We expect the variance in sleep time for toddlers who nap and toddlers who don't nap to be the same. So we use a pooled standard error.

Calculate the pooled standard error of $\bar{X}_{nap} - \bar{X}_{no\ nap}$ using the formula below.

$s.e.(\bar{X}_{nap} - \bar{X}_{no\ nap}) = \sqrt{\frac{(n_1-1)s_1^2 + (n_2-1)s_2^2}{n_1+n_2-2}(\frac{1}{n_1}+\frac{1}{n_2})}$

In [39]:
n1, n2 = len(nap_bedtime), len(no_nap_bedtime)
numerator = ((n1 - 1) * (nap_s_bedtime ** 2)) + ((n2 - 1) * (no_nap_s_bedtime ** 2))
denominator = n1 + n2 - 2
left_side_multiple = np.sqrt(numerator/denominator)
right_side_multiple = np.sqrt((1/n1) + (1/n2))

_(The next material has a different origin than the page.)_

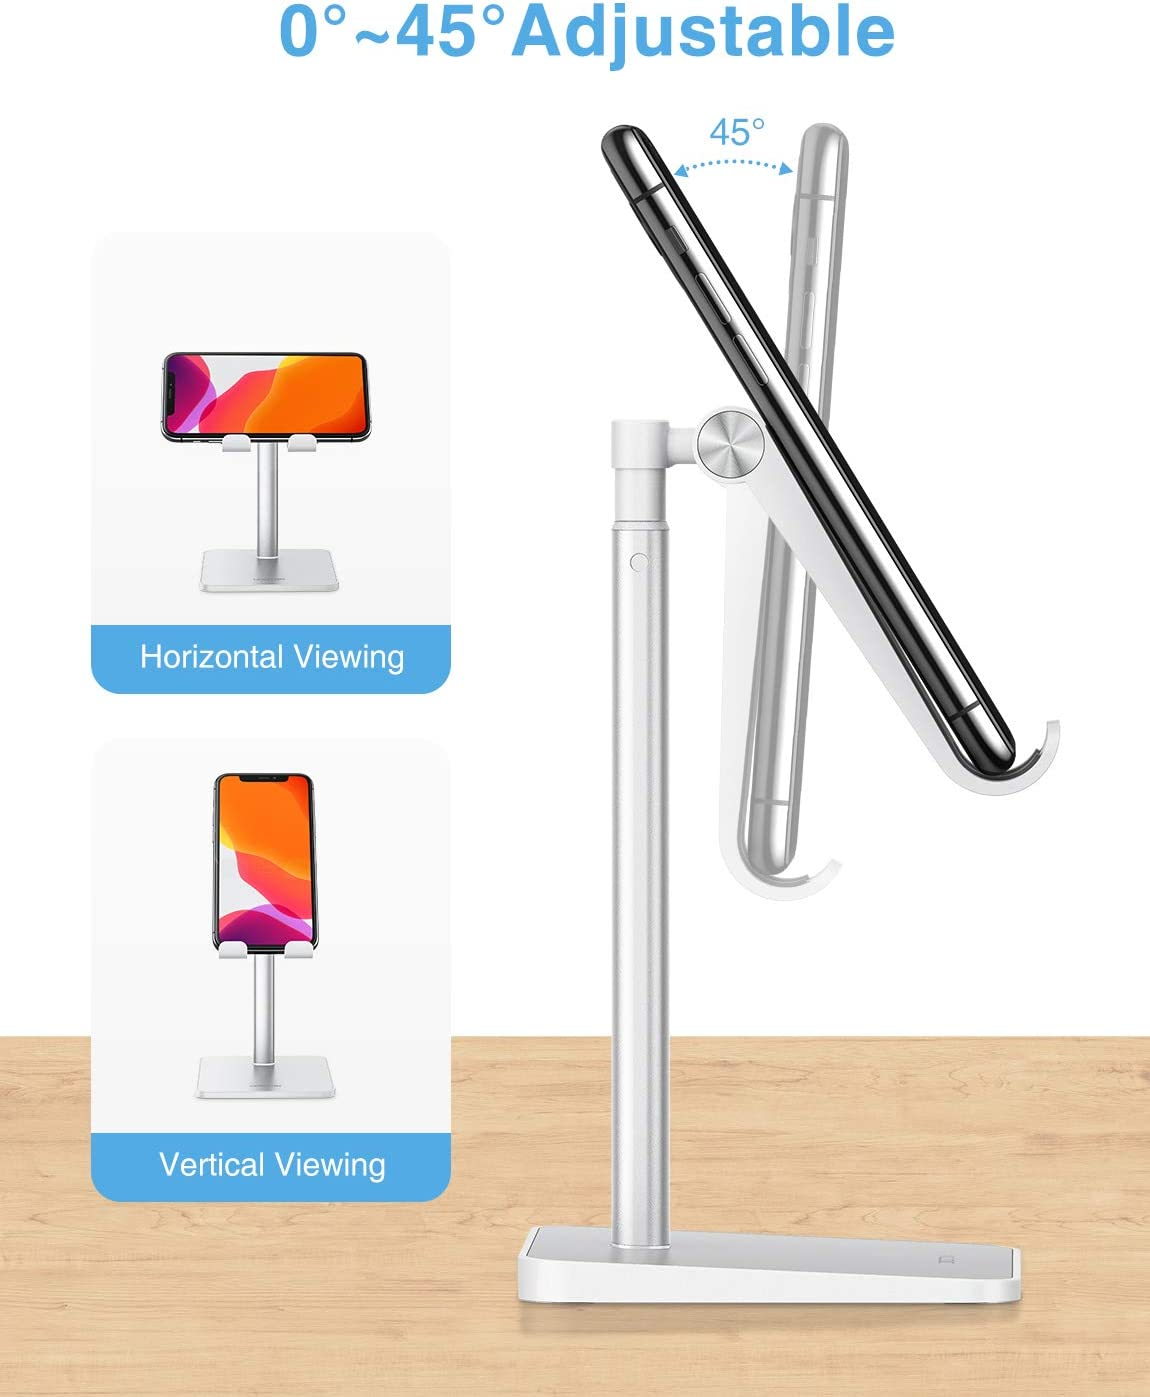 OMOTON Soporte M/óvil Mesa para iPhone 11//XR//Samsung S20// Huawei P40// Xiaomi Mi10 Universal Multi/ángulo Soporte Tel/éfono Ajustable para Smartphone Blanco

Now calculate the $t$-test statistic for our first hypothesis test using  
* pooled s.e.($\bar{X}_{nap} - \bar{X}_{no\ nap}$)  
* $\bar{X}_{nap} - \bar{X}_{no\ nap}$  
* $\mu_{0,\ nap} - \mu_{0,\ no\ nap}=0$, the population difference in means under the null hypothesis

In [40]:
test_stat = (nap_mean_bedtime - no_nap_mean_bedtime) / (left_side_multiple * right_side_multiple)
print(test_stat)

2.4106381824626966


In [41]:
sm.stats.ztest(nap_bedtime['night bedtime'], no_nap_bedtime['night bedtime'])

(2.4106381824626966, 0.015924637612973146)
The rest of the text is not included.